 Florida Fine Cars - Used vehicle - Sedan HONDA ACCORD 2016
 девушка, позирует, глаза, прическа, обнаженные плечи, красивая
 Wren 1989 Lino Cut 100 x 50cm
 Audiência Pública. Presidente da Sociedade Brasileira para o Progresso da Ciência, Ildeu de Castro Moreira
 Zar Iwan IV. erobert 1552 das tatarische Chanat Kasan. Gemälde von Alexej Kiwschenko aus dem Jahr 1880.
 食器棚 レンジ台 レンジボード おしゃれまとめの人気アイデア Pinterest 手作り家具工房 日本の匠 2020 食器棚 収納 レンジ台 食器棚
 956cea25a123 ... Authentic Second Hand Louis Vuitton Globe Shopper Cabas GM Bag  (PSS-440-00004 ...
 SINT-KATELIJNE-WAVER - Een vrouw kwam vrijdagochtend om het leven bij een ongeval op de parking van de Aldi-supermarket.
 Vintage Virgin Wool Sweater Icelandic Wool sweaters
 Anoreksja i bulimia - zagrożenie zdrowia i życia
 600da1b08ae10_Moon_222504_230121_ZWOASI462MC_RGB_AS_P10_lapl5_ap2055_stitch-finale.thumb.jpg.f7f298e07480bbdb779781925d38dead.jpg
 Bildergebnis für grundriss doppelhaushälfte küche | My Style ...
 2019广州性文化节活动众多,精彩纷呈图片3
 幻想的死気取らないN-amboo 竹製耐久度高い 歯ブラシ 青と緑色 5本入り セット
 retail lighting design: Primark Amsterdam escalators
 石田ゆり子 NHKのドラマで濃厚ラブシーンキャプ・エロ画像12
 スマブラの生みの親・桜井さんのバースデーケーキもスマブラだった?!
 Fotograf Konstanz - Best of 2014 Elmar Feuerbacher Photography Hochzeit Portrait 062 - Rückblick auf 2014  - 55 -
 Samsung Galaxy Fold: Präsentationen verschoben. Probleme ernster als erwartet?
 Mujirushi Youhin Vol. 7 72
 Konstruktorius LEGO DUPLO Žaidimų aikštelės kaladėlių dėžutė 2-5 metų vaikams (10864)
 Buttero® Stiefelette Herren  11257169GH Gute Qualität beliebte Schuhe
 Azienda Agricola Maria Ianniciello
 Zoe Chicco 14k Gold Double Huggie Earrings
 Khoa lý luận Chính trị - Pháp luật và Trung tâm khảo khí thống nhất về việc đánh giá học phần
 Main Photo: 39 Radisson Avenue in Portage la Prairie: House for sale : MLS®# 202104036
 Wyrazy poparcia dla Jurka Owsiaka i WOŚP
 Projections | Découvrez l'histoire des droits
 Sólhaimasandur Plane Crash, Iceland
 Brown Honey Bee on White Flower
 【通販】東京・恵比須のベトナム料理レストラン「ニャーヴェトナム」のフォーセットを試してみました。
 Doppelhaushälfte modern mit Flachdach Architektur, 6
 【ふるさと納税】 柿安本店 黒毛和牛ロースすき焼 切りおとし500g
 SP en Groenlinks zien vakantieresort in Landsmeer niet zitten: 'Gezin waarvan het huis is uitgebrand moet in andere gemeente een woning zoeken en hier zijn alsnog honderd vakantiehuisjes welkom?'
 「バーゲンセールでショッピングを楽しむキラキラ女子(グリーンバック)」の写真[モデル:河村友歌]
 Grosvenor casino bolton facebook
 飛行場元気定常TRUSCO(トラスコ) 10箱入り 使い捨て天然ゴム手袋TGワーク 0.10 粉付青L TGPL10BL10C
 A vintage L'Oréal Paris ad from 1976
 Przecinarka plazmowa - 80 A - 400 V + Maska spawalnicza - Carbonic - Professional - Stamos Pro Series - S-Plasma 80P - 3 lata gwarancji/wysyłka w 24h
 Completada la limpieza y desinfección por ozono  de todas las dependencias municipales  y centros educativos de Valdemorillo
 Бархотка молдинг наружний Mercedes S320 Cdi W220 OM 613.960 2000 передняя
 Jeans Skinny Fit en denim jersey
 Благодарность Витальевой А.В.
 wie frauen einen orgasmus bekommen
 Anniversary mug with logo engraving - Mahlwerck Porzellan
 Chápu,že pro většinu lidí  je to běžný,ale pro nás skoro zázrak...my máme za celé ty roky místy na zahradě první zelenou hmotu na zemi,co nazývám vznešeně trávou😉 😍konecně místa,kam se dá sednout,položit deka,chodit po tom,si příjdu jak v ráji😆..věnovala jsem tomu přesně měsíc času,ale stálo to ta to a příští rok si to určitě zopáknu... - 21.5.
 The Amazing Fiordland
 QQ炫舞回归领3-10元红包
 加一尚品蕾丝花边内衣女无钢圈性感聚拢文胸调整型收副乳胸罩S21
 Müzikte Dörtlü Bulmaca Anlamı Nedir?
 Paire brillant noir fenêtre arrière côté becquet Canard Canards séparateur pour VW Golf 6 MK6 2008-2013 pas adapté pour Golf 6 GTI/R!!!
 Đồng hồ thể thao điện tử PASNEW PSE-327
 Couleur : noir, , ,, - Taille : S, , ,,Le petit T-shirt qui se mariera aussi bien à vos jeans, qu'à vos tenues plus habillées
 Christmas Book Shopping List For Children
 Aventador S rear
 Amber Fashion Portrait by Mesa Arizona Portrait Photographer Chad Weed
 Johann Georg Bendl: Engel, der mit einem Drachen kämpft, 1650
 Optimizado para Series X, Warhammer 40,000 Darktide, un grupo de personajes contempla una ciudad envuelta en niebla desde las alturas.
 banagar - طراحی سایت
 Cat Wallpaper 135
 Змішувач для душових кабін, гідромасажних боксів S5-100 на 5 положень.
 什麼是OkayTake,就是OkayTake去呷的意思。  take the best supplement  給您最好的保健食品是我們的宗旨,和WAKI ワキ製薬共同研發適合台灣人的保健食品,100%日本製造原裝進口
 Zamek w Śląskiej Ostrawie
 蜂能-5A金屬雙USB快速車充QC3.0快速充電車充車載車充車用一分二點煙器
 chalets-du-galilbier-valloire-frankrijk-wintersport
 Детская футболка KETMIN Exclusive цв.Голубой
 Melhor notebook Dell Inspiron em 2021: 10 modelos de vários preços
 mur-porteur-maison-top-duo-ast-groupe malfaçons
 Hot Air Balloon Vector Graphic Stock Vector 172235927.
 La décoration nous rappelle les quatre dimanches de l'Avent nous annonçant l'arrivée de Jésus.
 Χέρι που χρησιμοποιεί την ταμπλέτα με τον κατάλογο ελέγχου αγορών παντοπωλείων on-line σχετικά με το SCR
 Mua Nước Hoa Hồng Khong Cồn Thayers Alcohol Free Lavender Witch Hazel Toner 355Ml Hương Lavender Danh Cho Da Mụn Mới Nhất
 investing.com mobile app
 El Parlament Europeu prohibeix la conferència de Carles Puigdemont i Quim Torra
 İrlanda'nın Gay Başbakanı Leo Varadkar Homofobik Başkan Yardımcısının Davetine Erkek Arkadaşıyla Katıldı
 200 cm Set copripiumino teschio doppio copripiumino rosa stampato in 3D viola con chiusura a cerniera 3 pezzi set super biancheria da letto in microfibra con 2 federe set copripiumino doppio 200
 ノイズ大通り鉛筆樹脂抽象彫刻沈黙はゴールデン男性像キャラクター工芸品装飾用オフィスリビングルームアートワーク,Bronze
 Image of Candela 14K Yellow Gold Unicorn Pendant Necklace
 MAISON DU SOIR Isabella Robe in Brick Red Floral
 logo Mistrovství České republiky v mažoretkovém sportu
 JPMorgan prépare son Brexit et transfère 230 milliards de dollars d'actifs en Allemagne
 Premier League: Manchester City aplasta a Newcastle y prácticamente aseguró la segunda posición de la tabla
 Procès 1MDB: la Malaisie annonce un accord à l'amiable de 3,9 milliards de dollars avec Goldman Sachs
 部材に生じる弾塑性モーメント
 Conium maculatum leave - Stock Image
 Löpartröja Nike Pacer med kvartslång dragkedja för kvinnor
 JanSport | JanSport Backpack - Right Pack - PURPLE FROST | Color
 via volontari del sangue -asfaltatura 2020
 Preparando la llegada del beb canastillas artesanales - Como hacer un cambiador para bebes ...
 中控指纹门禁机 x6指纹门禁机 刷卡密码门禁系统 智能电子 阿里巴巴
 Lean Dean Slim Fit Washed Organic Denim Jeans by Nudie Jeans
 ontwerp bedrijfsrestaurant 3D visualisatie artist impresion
○ ○ ○ ○ ○ ○ ○
- **WORK TASK**
Retype exactly the lines above, from the one with "A vintage L'Oréal Paris ad from 1976" through the one with "Anniversary mug with", inclusive.

- **SOLVED EXERCISE**
 A vintage L'Oréal Paris ad from 1976
 Przecinarka plazmowa - 80 A - 400 V + Maska spawalnicza - Carbonic - Professional - Stamos Pro Series - S-Plasma 80P - 3 lata gwarancji/wysyłka w 24h
 Completada la limpieza y desinfección por ozono  de todas las dependencias municipales  y centros educativos de Valdemorillo
 Бархотка молдинг наружний Mercedes S320 Cdi W220 OM 613.960 2000 передняя
 Jeans Skinny Fit en denim jersey
 Благодарность Витальевой А.В.
 wie frauen einen orgasmus bekommen
 Anniversary mug with logo engraving - Mahlwerck Porzellan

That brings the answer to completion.